YOUR GOAL: The entire listing that follows must be repeated exactly, pictures excluded.

SUPPLIED INFORMATION:
* * *

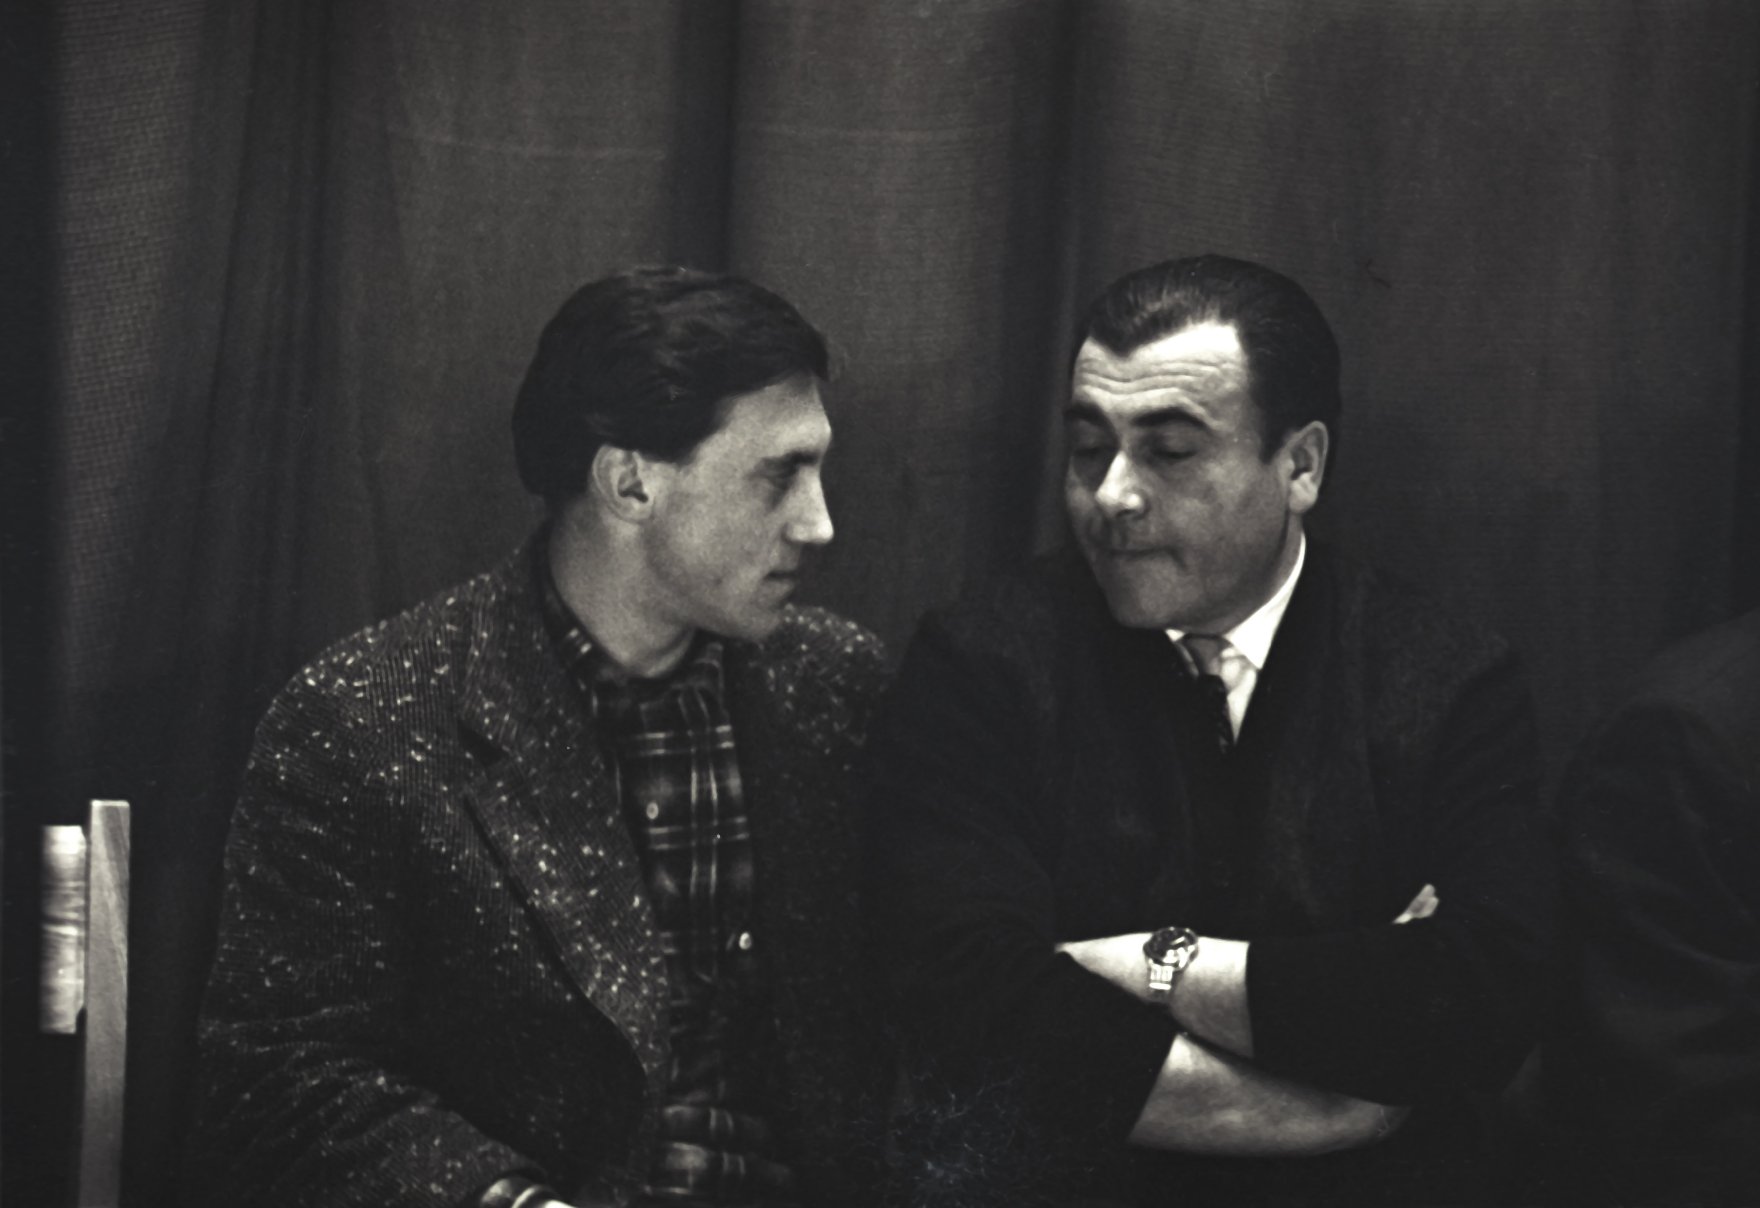 М. Анчаров и В. Высоцкий во время выступления в Политехническом музее 05.04.66 (фото Марка Никонова)
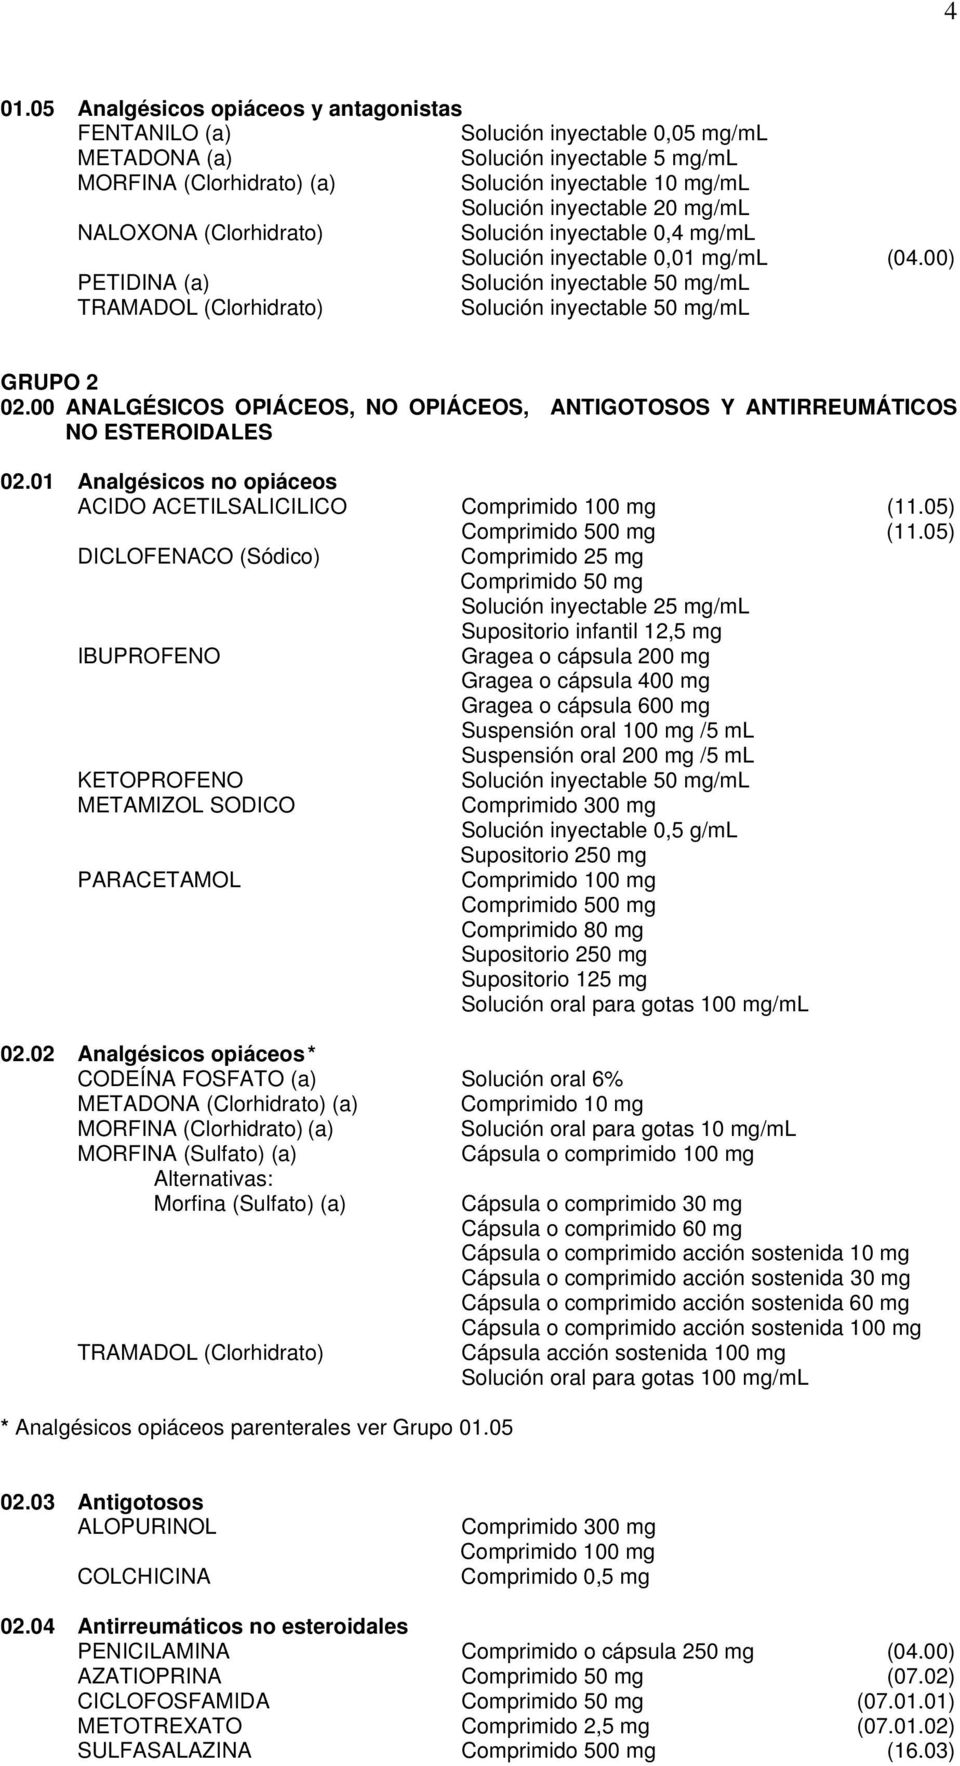 00) PETIDINA (a) Solución inyectable 50 mg/ml TRAMADOL (Clorhidrato) Solución inyectable 50 mg/ml GRUPO 2 02.00 ANALGÉSICOS OPIÁCEOS, NO OPIÁCEOS, ANTIGOTOSOS Y ANTIRREUMÁTICOS NO ESTEROIDALES 02.
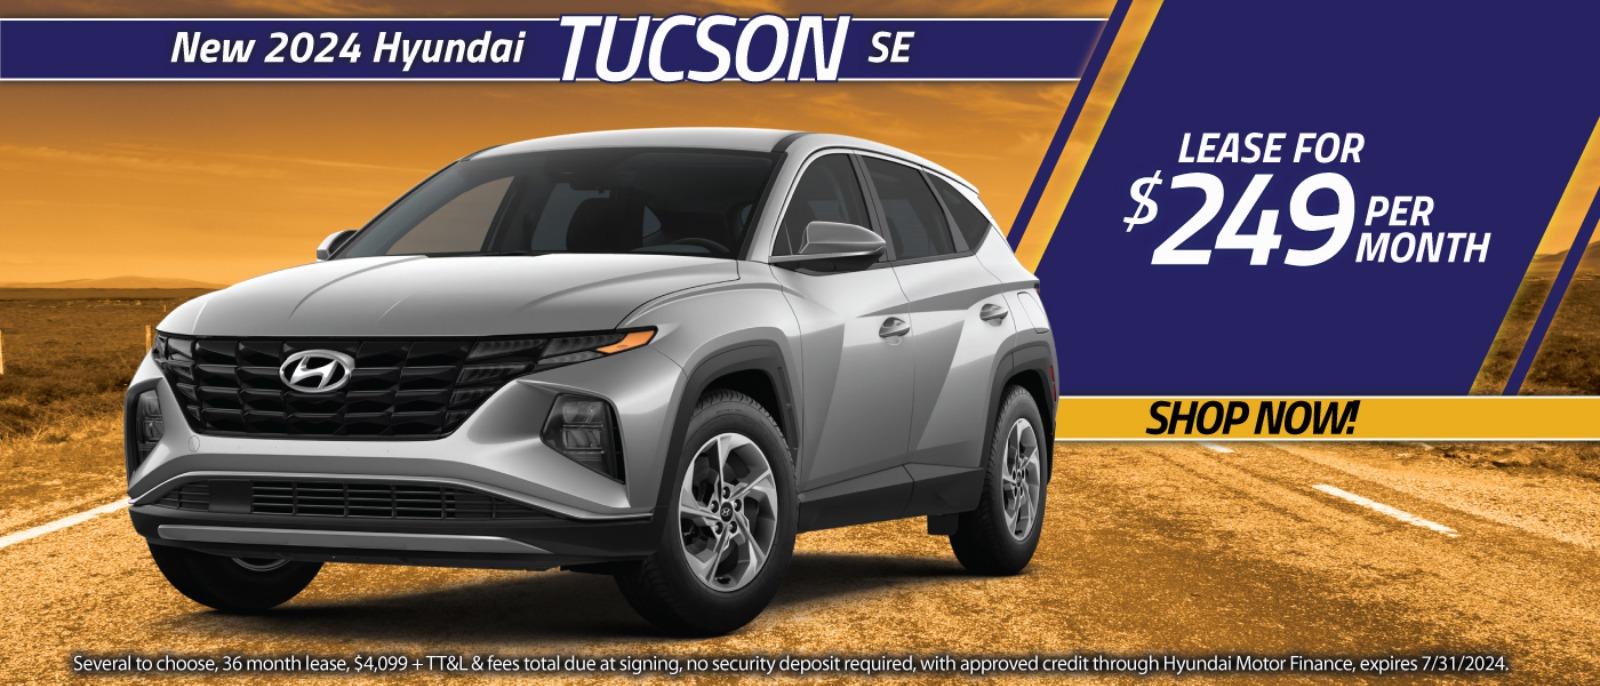 New 2024 Hyundai Tucson

* * *

ANSWER SECTION:
 М. Анчаров и В. Высоцкий во время выступления в Политехническом музее 05.04.66 (фото Марка Никонова)
 00) PETIDINA (a) Solución inyectable 50 mg/ml TRAMADOL (Clorhidrato) Solución inyectable 50 mg/ml GRUPO 2 02.00 ANALGÉSICOS OPIÁCEOS, NO OPIÁCEOS, ANTIGOTOSOS Y ANTIRREUMÁTICOS NO ESTEROIDALES 02.
 New 2024 Hyundai Tucson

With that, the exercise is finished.